Expiring a database deletes all RDs that are deemed out-of-date. It does not decrease the size of the database. By default, an RD is scheduled to expire in 90 days from the time of creation.
You can also edit the database by selecting the Edit link which takes you to a page where you define the database attributes.
Table 6-1 lists the Database Management attributes. The table contains three columns: the first column identifies the attribute, the second column provides the default value for the attribute, and the third column describes the attribute.
Table 6-1 Database Management Attributes
Attribute
|
Default Value
|
Description
|
Name
|
Default
|
Name for the database used by Search.
|
Title
|
Blank
|
A title for the database.
|
Description
|
Blank
|
Describe the database for yourself.
|
Import Agents
Import agents are the processes that bring resource descriptions from other servers or databases and merge them into your search database.
The initial Import page lists the available import agents. You can create a new one, or run, edit or delete an existing one. Use the checkbox to select an agent to delete. Use the small icons above the checkbox to select or deselect all import agents. Use the radio buttons to turn an Agent Action On or Off. To schedule the import agents, select Schedule on the lower menu bar.
If you choose to edit or modify an existing import agent or create a new one, the following attributes are displayed.
Table 6-2 lists the Database Import Agent attributes. The table contains three columns: the first column identifies the attribute, the second column provides the default value for the attribute, and the third column describes the attribute.
Table 6-2 Database Import Agent Attributes
Attribute
|
Default Value
|
Description
|
Charset
|
Blank for new
|
Specifies the character set of the input SOIF stream. For example, ISO8859-1, UTF-8, UTF-16. Character sets ISO8859-1 through ISO8859-15 are supported.
|
Import From
|
Local File
|
Select either Local File or Search Server (if one is enabled).
|
Local File Path
|
Blank for new
|
Gives the full path name of local file that contains valid resource descriptions in SOIF (Summary Object Interchange Format). This can be a file on another server, as long as the path is addressable as if it were locally mounted.
|
Database Name
|
Default
|
Name of the destination database.
|
Remote Server
|
Blank for new
|
Gives the URL of the search server to retrieve resource descriptions from; format http://www.sesta.com:80
|
Instance Name
|
Blank for new
|
Server instance name used by the search server. You can find this instance name in the Server Preferences for the server you are importing from. Value must be 3.01C or 3.01C SP1.
|
Search URI
|
Blank for new
|
Enter full path and file names. Use /portal/search.
|
Is Compass Server 3.01X?
|
False (unchecked)
|
Is the server you are importing from a Compass Server 3.01X?
|
Enable SSL
|
False (unchecked)
|
If this is a server-to-server transaction, select if the servers should use the SSL (Secure Sockets Layer) protocol.
|
Authentication
|
None (default)
|
None (default) or Use User/Password
This specifies how the import agent should identify itself to the system it imports from.
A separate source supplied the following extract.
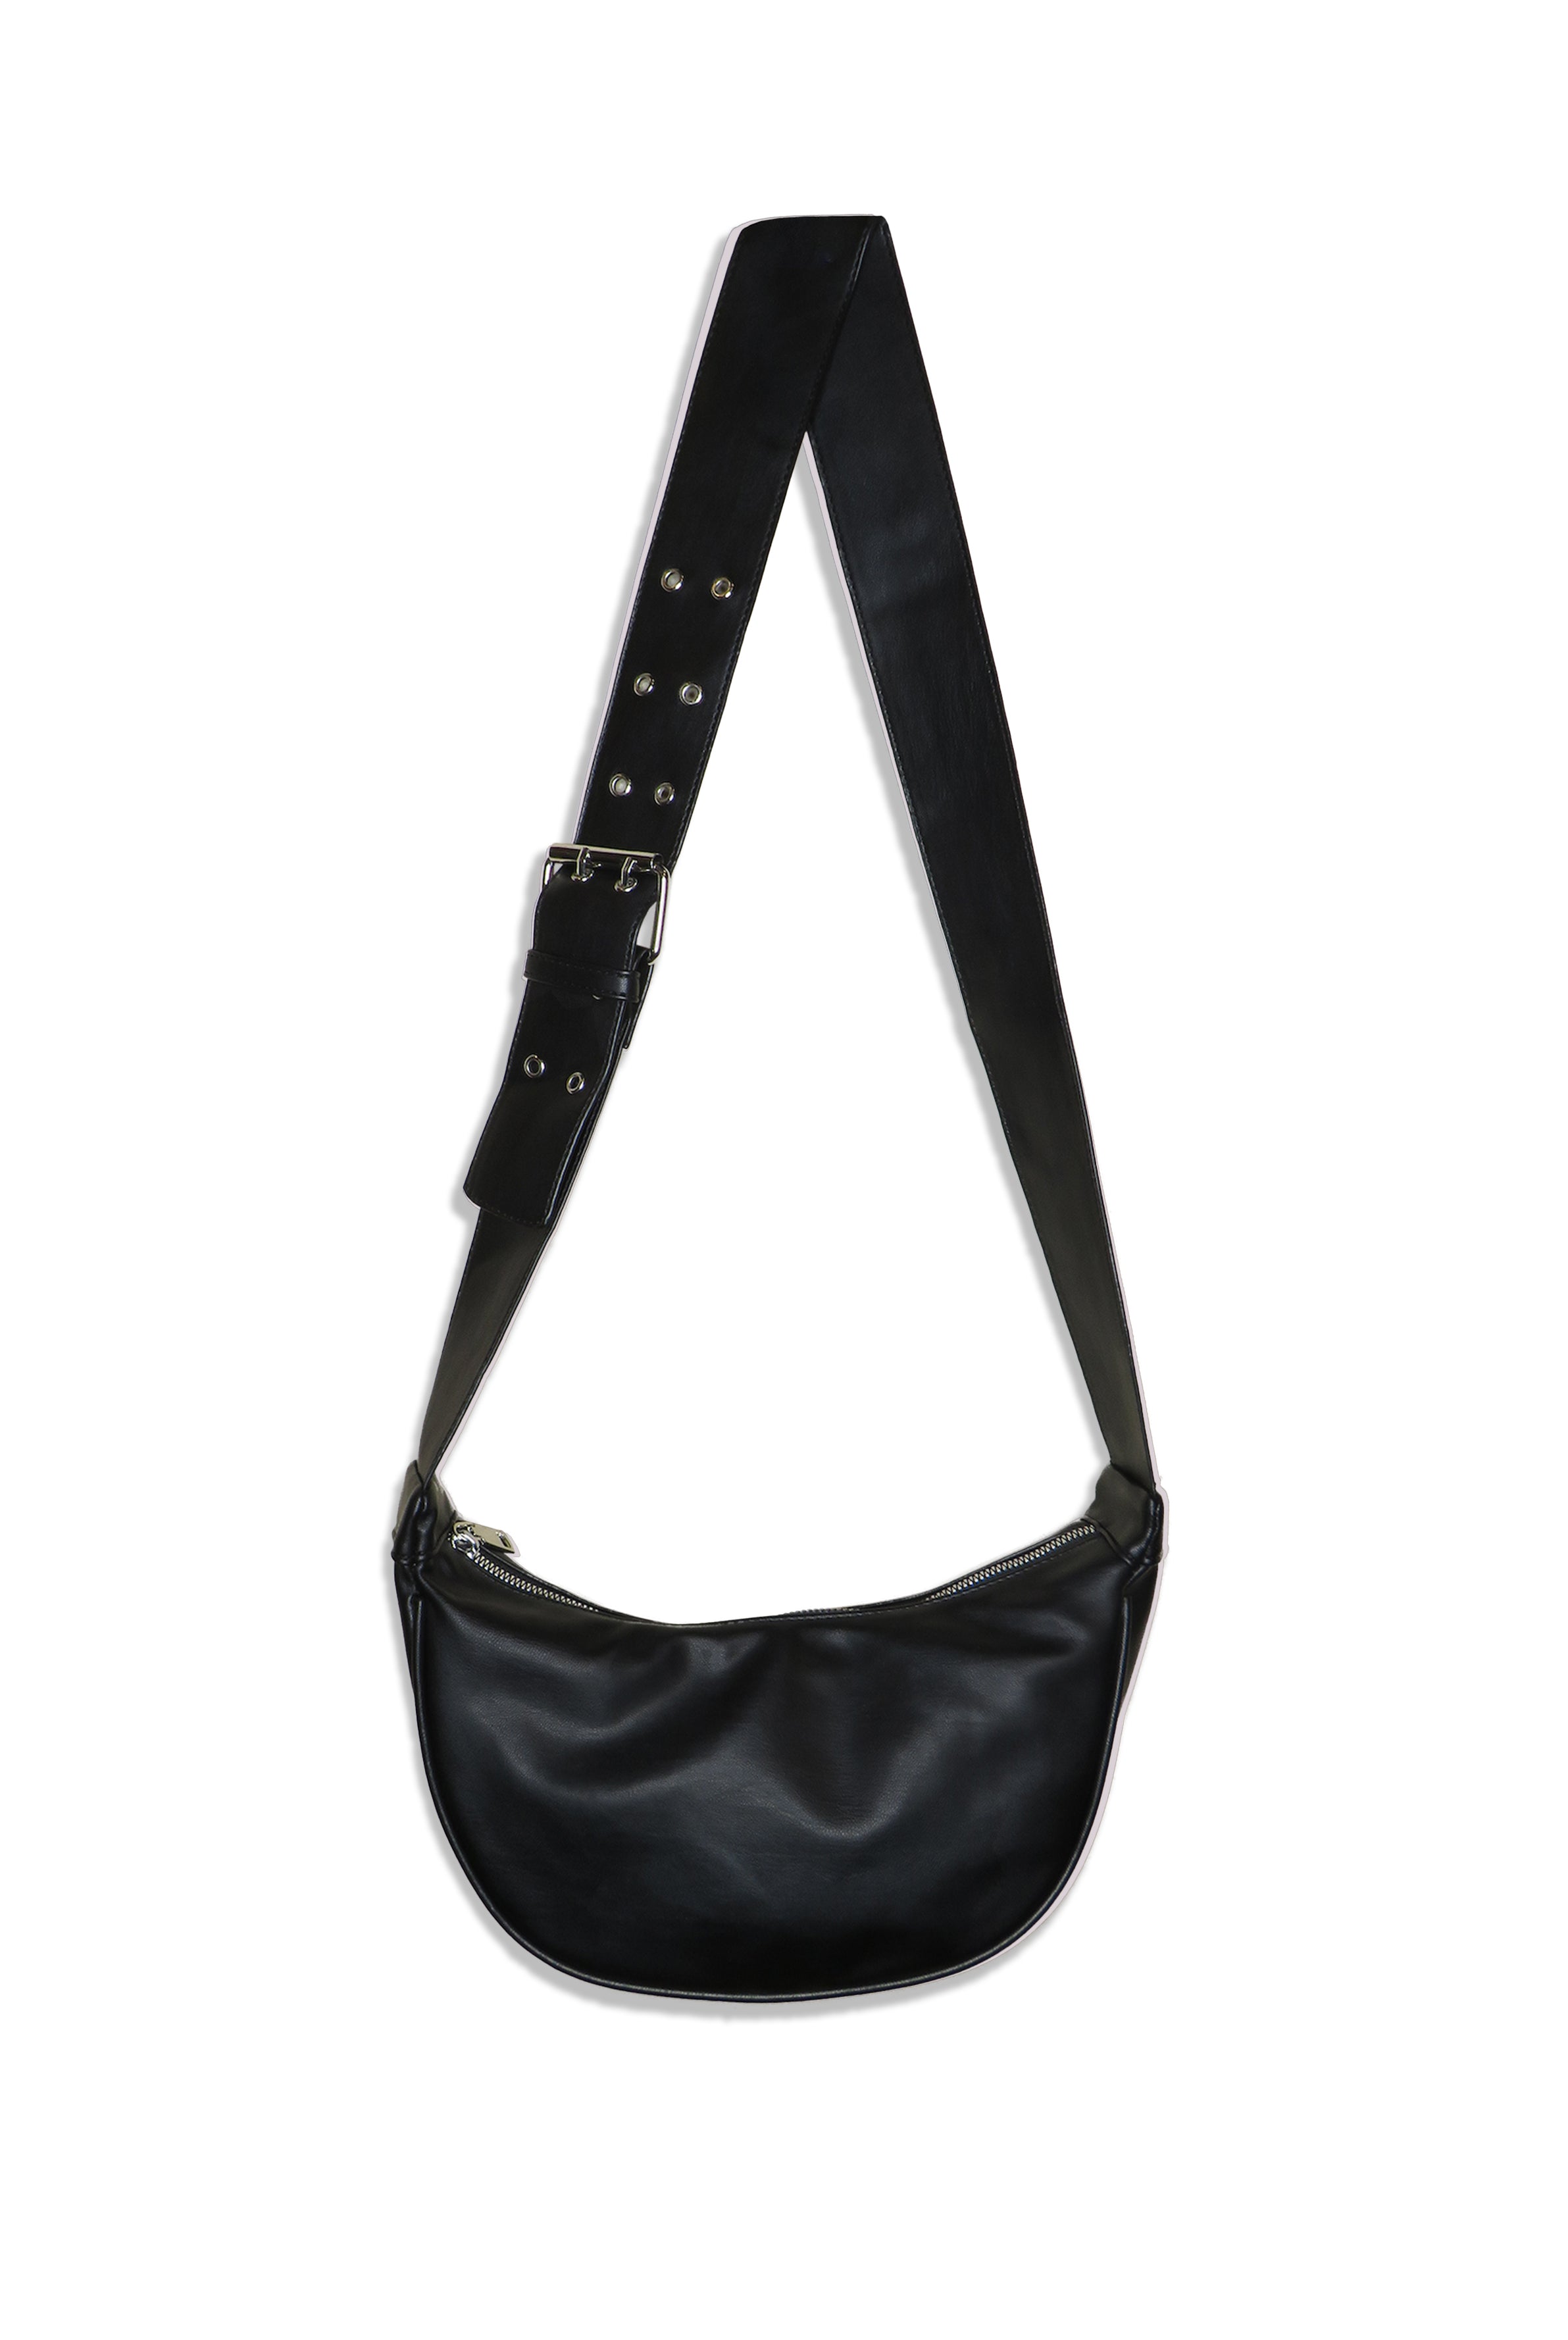 Chunky Faux Leather Buckle Sling Bag | Black Crossbody Bag | Women's Bag| My Accessories London Bag

By default, no authentication is used. If the server you want to import from requires authentication, you can specify a user name and password for the import agent to use. Importing from 3.01C does not require authentication. Importing data from 3.01C SP1 requires authentication.
|
User
|
Blank for new or none
|
If you selected Use User/Password, enter a user.
|
Password
|
Blank for new or none
|
If you selected Use User/Password, enter a password (shown as *).
|
Content Transfer
|
Use Incremental Gathering of Full Contents (default)
|
Choice of Use Incremental Gathering of Full Contents (default) or Use Search Query
These specify which resource descriptions to import from the source.
By default, an import agent asks for all resource descriptions added or changed since its last import from the same source.
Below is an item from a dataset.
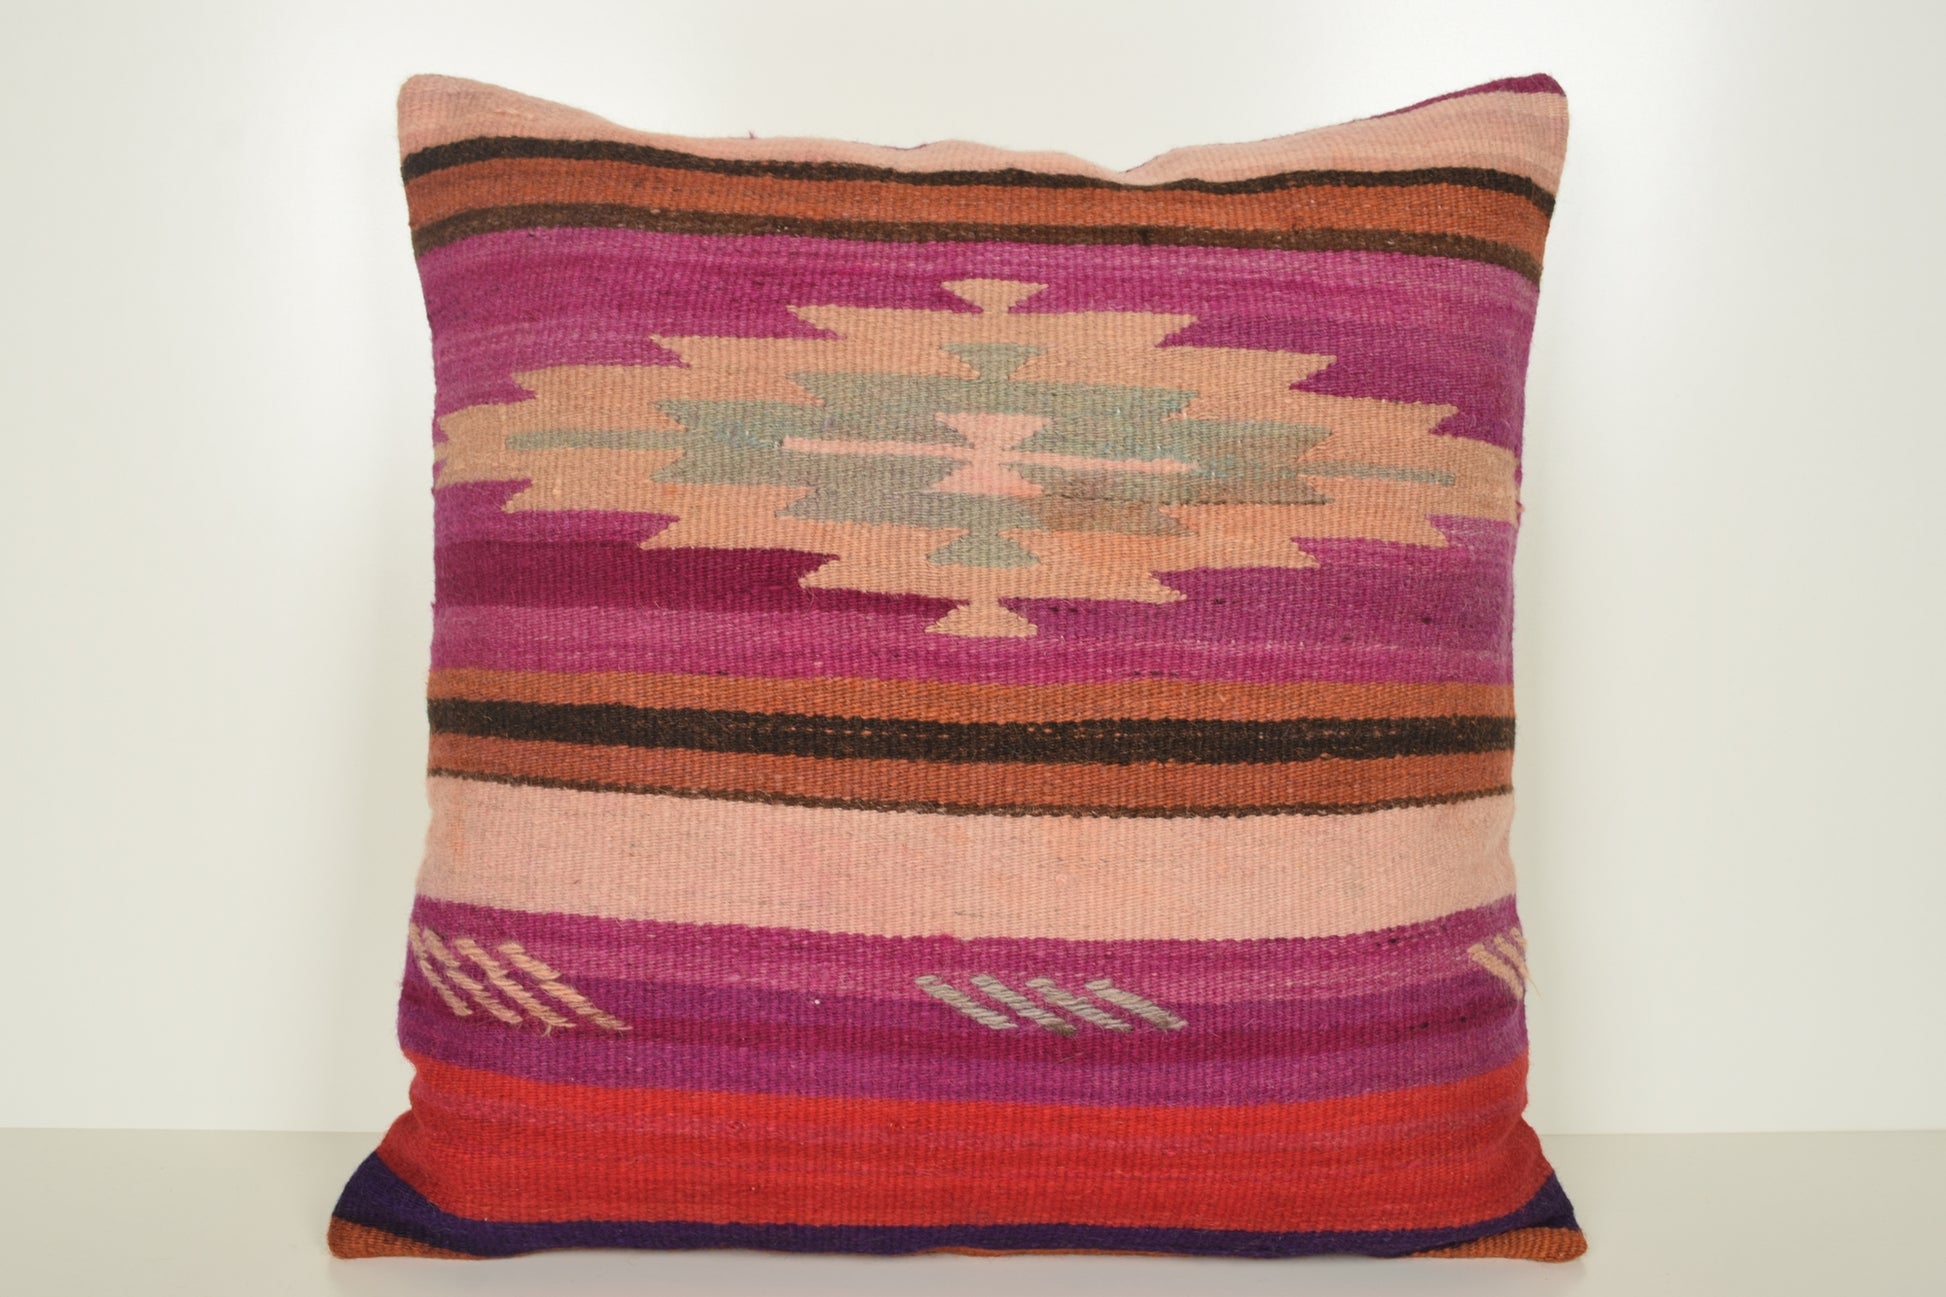 Turkish Floor Pillows A00801 Decorative Throw pillow case Knitting cushion covers 24x24

The search query specifies that the import agent should request only certain resource descriptions from the source. This is much the same way that users request listings of resources from the search database.
Use Scope, View-Attributes and View-Hits fields to specify the query.
Use Collect All RDs to collect new resource descriptions since the last run and remove the timestamp in Newest Resource Description.
|
Scope
|
Blank for new
|
The text of the query. The query syntax is identical to that used for end-user queries from the server.
|
View-Attributes
|
Blank for new
|
Lists which fields (not case sensitive) you want to import in each resource description. For example, title and author. The default is all.
|
View-Hits
|
Blank for new
|
The maximum number of matching resource descriptions to import. If no hits are specified, it defaults to 20.
|
Agent Description
|
Blank for new
|
Appears in the list of available import agents on the initial Import page. It is ignored by the program. If this field is blank, the Resource Description Source file name or server name is used to identify the import agent. Note here if user name and password are needed.
|
Newest Resource Description
|
Blank for new
|
The date of the creation of the newest resource description previously imported by this import agent. This date is used by the Use Incremental Gathering of Full Contents option to determine which resources are new and should be imported.
|
Network Timeout in seconds
|
Blank for new
|
Specifies the number of seconds the import agent will allow before timing out the connection over the network. You can adjust this to allow for varying network traffic and quality.
|
Resource Descriptions
The initial Resource Descriptions page allows you to search the Resource Descriptions in the database. For example, you can correct a typographical error in an RD or manually assign RDs discovered by the robot to categories.
Table 6-3 lists the Resource Descriptions attributes. The table contains three columns: the first column identifies the attribute, the second column provides the default value for the attribute, and the third column describes the attribute.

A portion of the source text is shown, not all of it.